The transition off of fossil fuels is inevitable; justice is not.— Extinction Rebellion Washington DC (@XRebelDC) August 28, 2019
Join us in the streets September 23 to #ShutDownDC as part of the global #ClimateStrike and demand solutions that work for all of us #StrikeWithUs #Sept23https://t.co/dC95Zw55gt pic.twitter.com/p5dDwq5qkc
Sean Haskett of the youth-led Sunrise Movement told The Guardian on Wednesday that the goal of the #ShutDownDC action is to "disrupt the workings of power."
"There's a tremendous amount of power that drives through those streets and parks next to those sidewalks and walks into those buildings," said Haskett. "We want them to think about what they're doing with that power."

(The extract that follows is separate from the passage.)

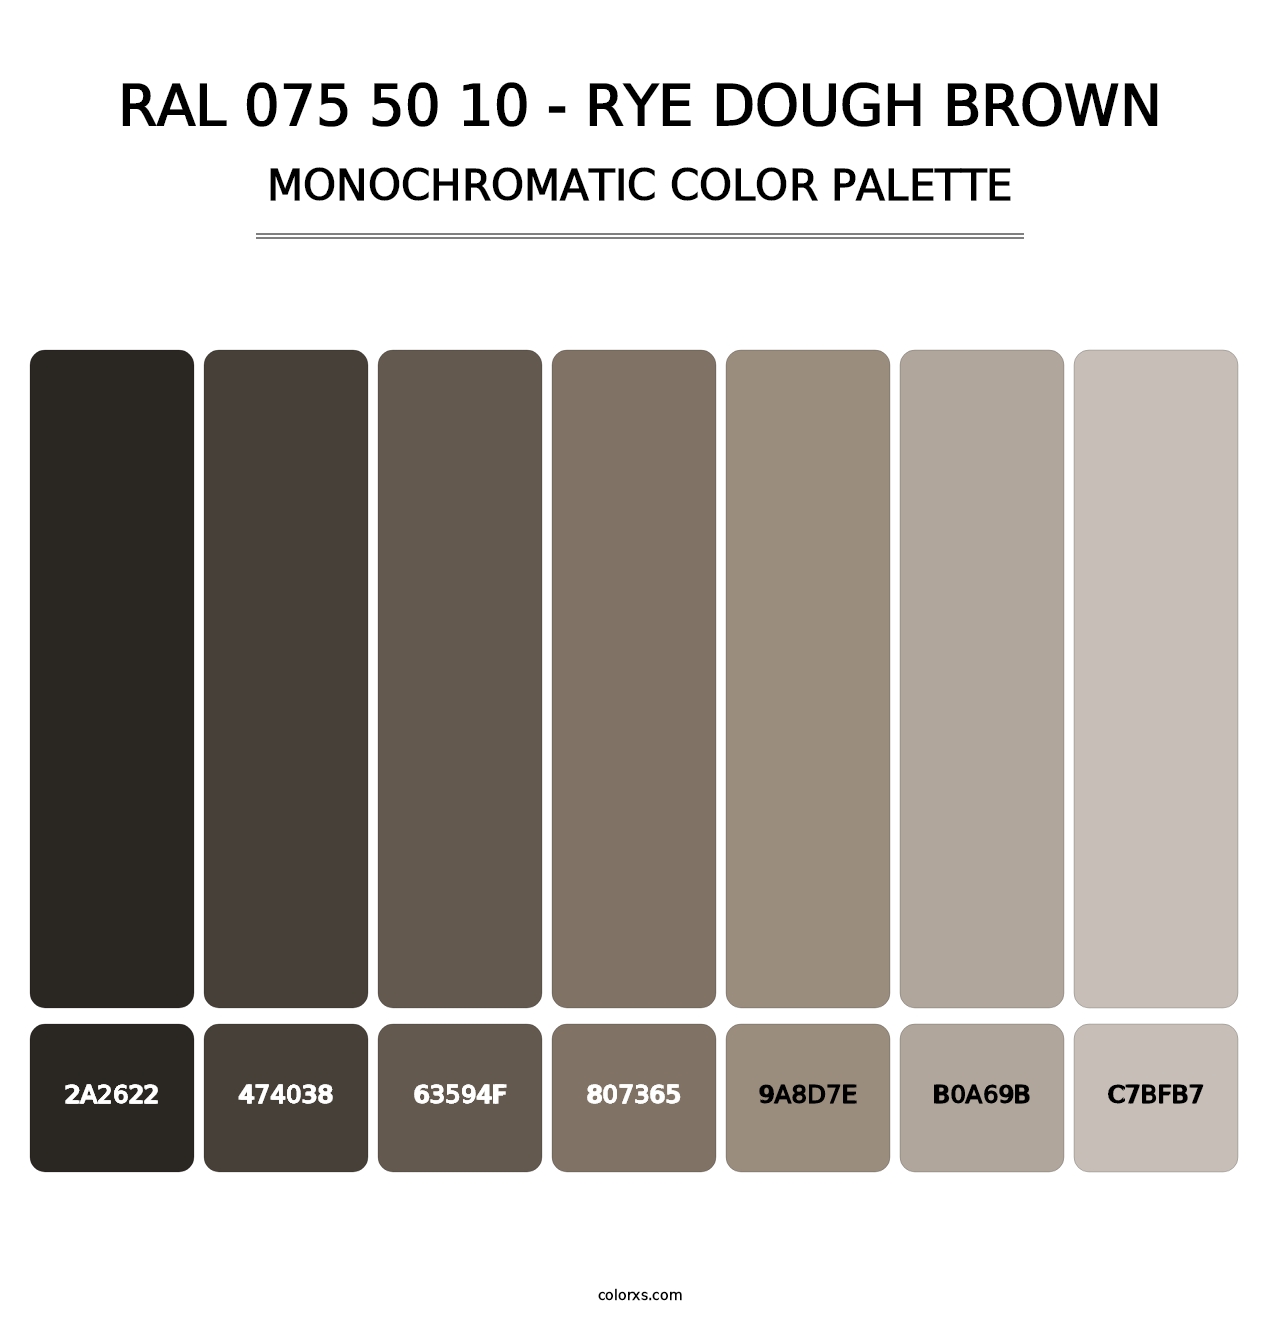 RAL 075 50 10 - Rye Dough Brown - Monochromatic Color Palette

The coalition behind the protest—which includes prominent organizations such as Extinction Rebellion D.C., Movement for a People's Party, and CodePink—acknowledged the blockades will likely "cause massive disruption to people who bear little responsibility for the climate catastrophe we are facing."
"But we will also cause massive disruption for politicians, huge corporations, and the lobbyists who control our government," the groups said on the website for the action. "We need to fundamentally change the power structure of the United States if we want to stop the climate crisis, and shutting down D.C. is a big step in the right direction."
According to organizers, the D.C. action will mark the beginning of an "international wave of citywide climate shutdowns" in major cities across the world, including London, Paris, and Berlin.
"There's no time left for business as usual; the climate crisis is here," the D.C. coalition said. "This is the mass uprising that everyone with climate anxiety has been waiting for. This is an uprising for life itself, fighting back against the forces of destruction."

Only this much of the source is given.